Articles

Full steam ahead

In boundary changes, Labour, Lib Dems, Tories on April 23, 2012 by dadge

Kevin Meagher wrote, on 5/1/12:

Boundary review, reviewed

Something […] that will bite the dust in 2012 is the parliamentary boundary review. This was a rash promise by Cameron to slash 50 seats in order to “reduce the cost of politics” at the height of Westminster’s expenses scandal. The figure was entirely arbitrary, so the new proposed boundaries are a dog’s breakfast. And the electoral advantage the Tories confidently predicted is not looking as attractive as first thought.
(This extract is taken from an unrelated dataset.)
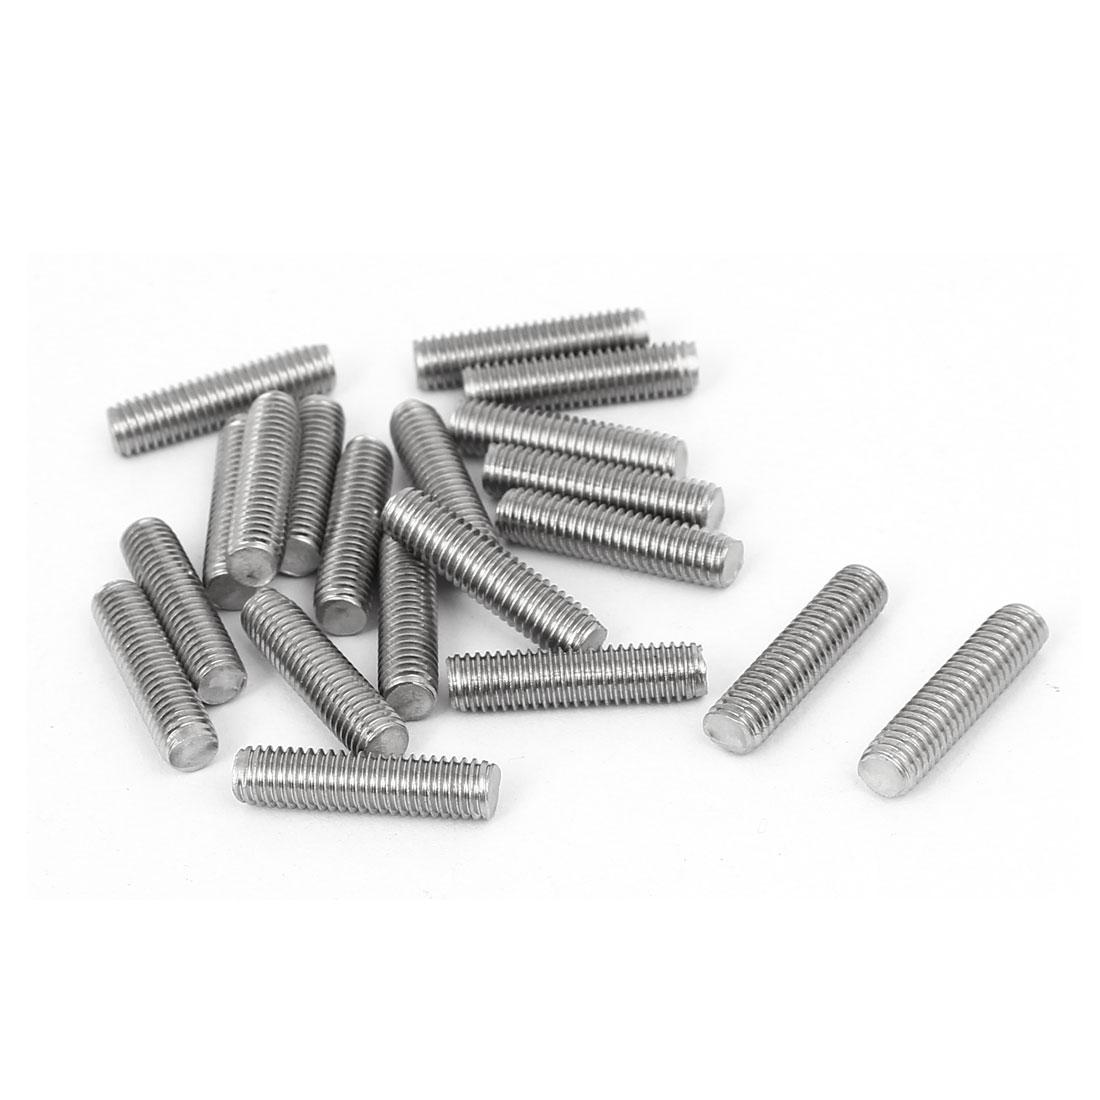 M5 x 20mm 304 Stainless Steel Fully Threaded Rod Bar Studs Fastener 20 Pcs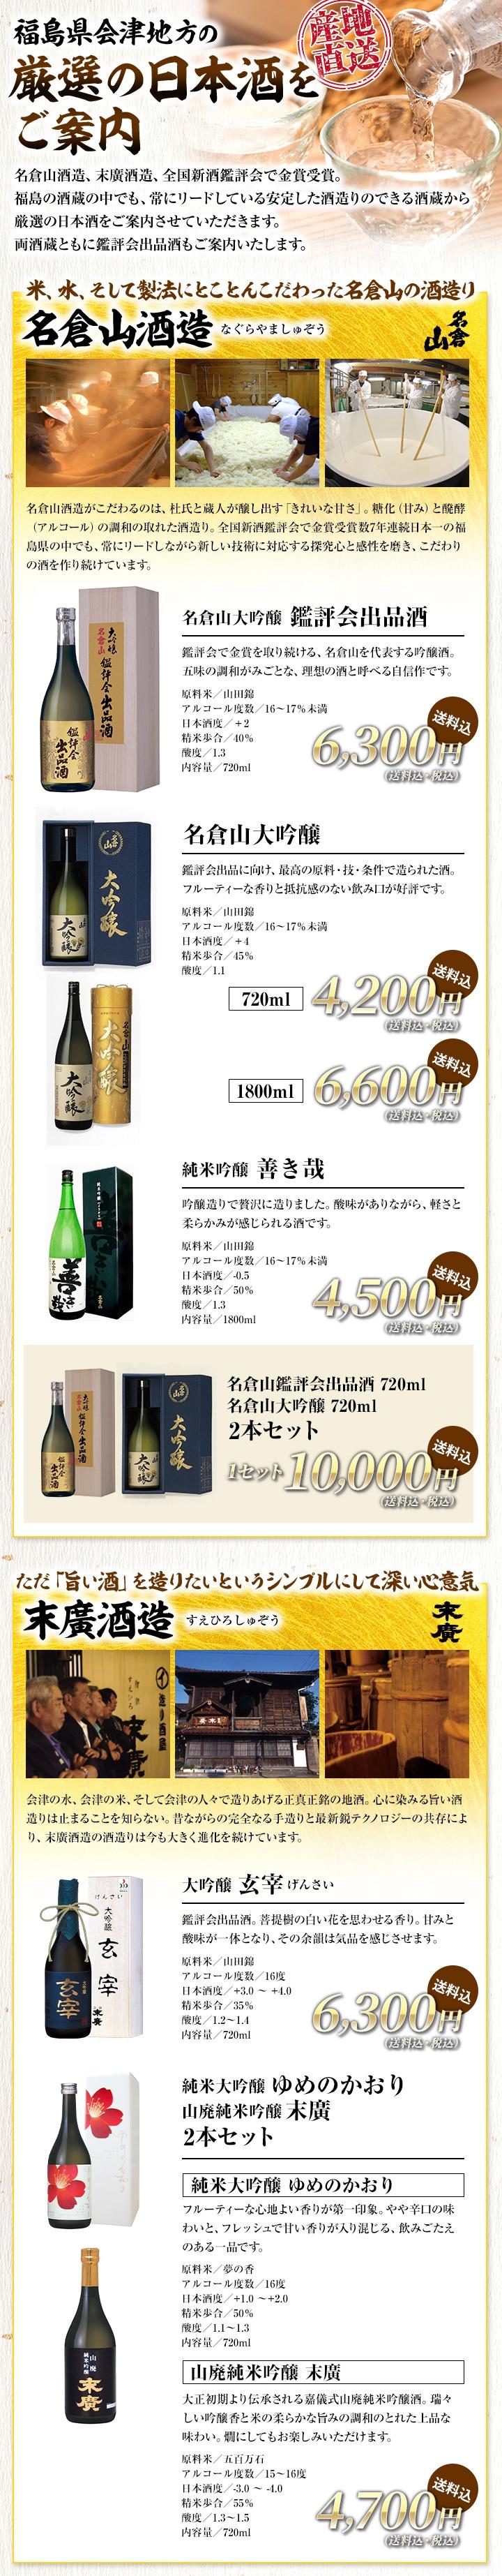 【福島 会津地方】厳選酒蔵の日本酒をご案内 ★送料込★

The seats of six cabinet ministers would be axed, including Nick Clegg’s Sheffield Hallam seat and George Osborne’s berth in leafy Knutsford. The last election was fought on fresh boundaries so there is, technically, no need to fiddle again for a decade. Eventually the government’s political antennae will twitch and the whole thing will be dropped. There is too much political fixing needed to keep everyone happy. The government has better things to worry about.

My response:

1. The figure of 50 seats was not “entirely arbitrary”. Both the decision to cut, and the decision that it would be 50, were made on the basis of Tory research on how best to make the system work more to the their advantage. “Reducing the cost of politics” was a convenient smokescreen.

2. The new seats are a “dog’s breakfast” but this is because of the radically new rules being used by the Boundary Commission, again decided on by the Tories to make the system work more to their advantage. The new system has at its heart the concept of “cracking” – which you should be au fait with – which tends to favour the Tories.
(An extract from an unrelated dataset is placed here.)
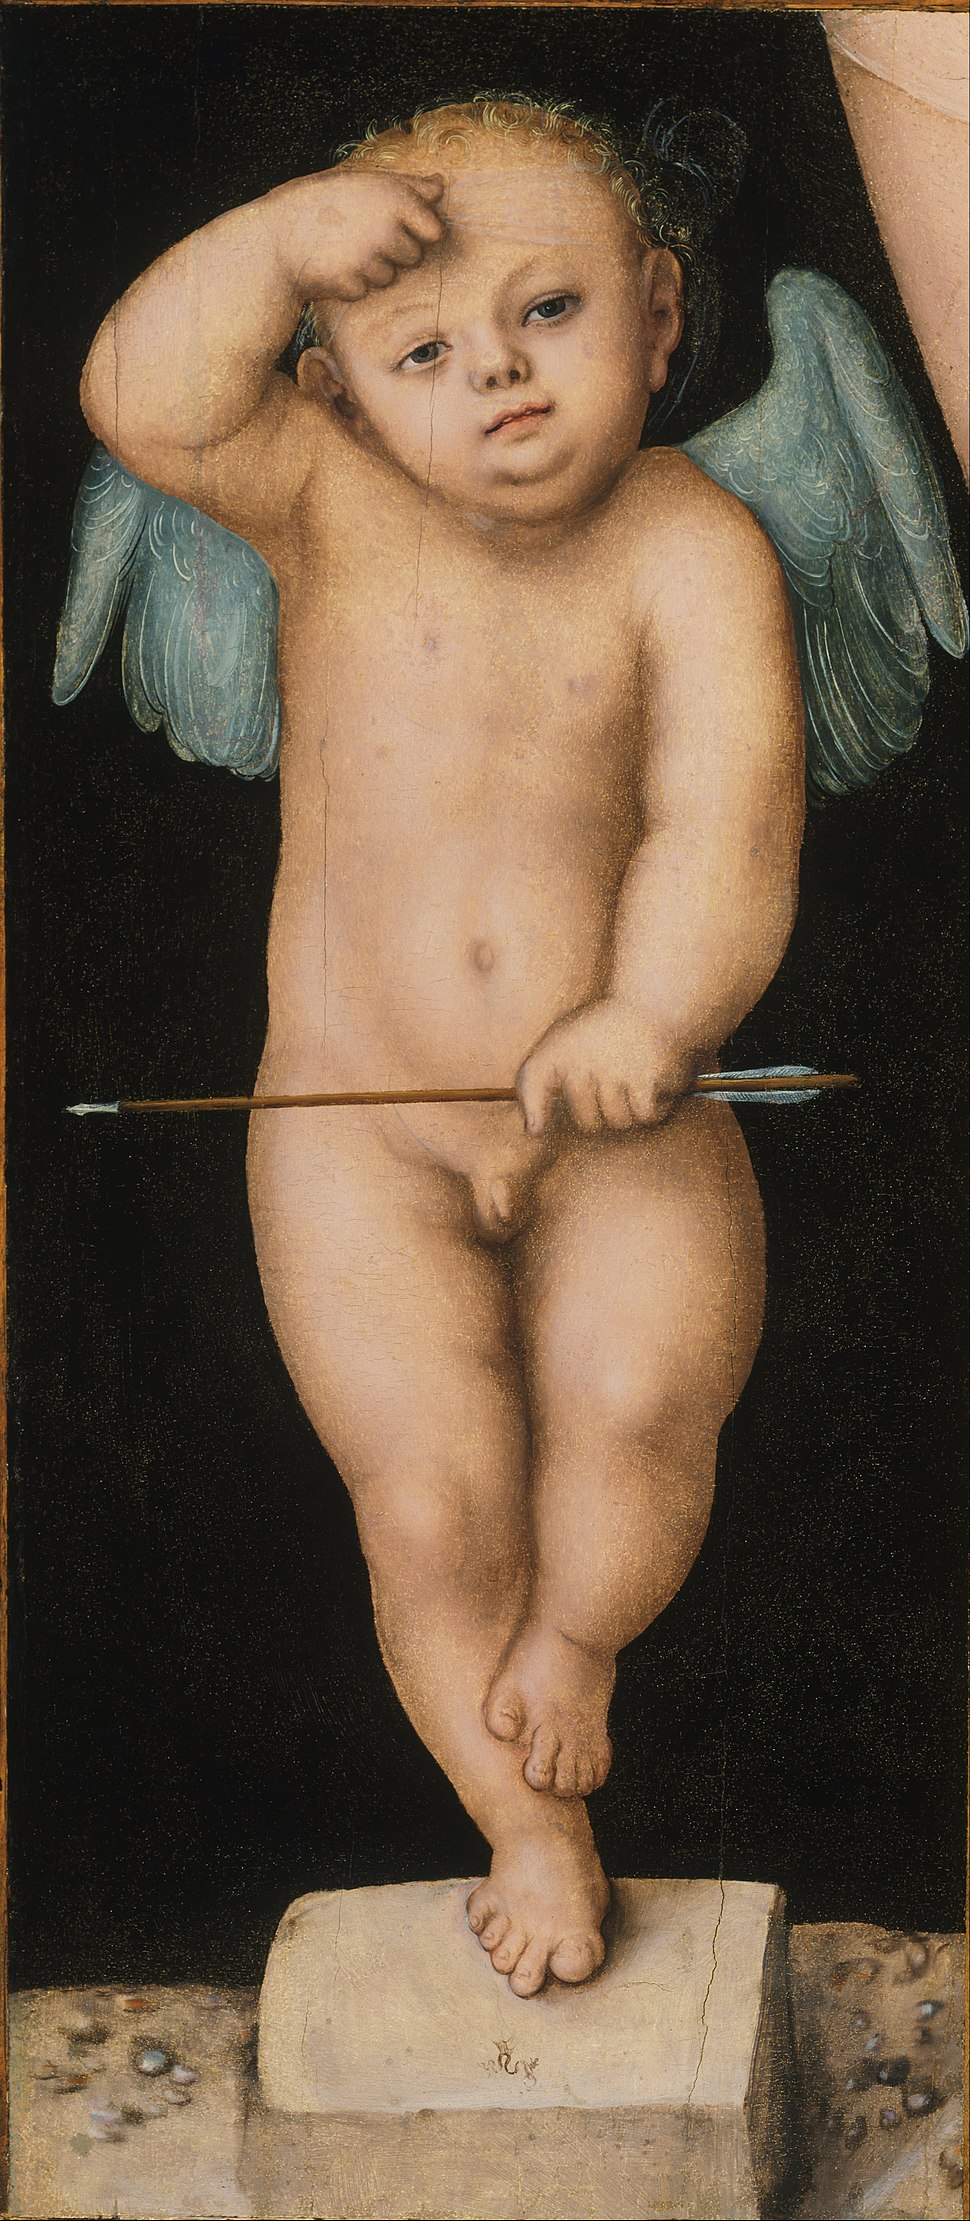 Lucas Cranach the Elder, German (active Vienna, Wittenberg, and Weimar) - Cupid - Google Art Project.jpg

3. The new seats will be somewhat better for the Tories than the current ones. DGMW, the FPTP system will still favour Labour for the time being, but the precedent the changes are setting will gradually erode that advantage over the years.
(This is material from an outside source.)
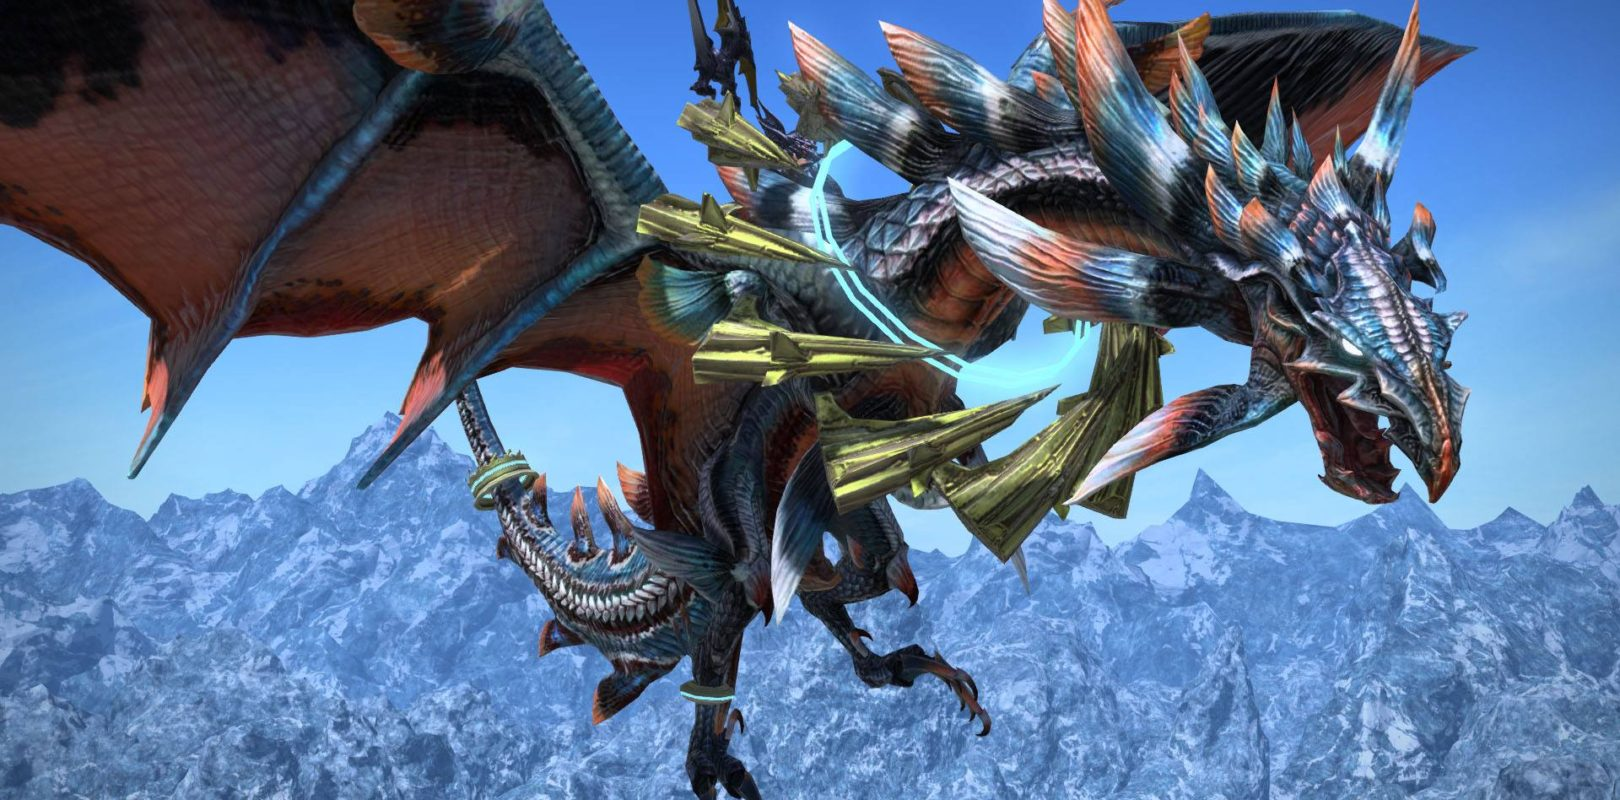 FINAL FANTASY XIV: PvP on the Horizon - Pivotal Gamers

4. Pickles and co. made the changes a priority in order to reduce and eventually eliminate Labour’s built-in electoral advantage as quickly as possible. They want to redraw the boundaries every five years in order to achieve this. At some point they must’ve briefed their MPs about the rationale behind this, and the fact that some of them will have to suffer for the benefit of the party. Trouble is, some of them will go rogue e.g. Dorries.

5. Considering how important the changes are to the Tory Project, there’s no way that Cameron will drop the whole thing, and the LibDems are too weak to challenge it, even though by supporting the changes they are tying the noose even tighter round their own neck. The opposition to the project must come from Labour, but instead of mounting an effective campaign, Greg Cook went round the country in the autumn licking the Boundary Commission’s arse.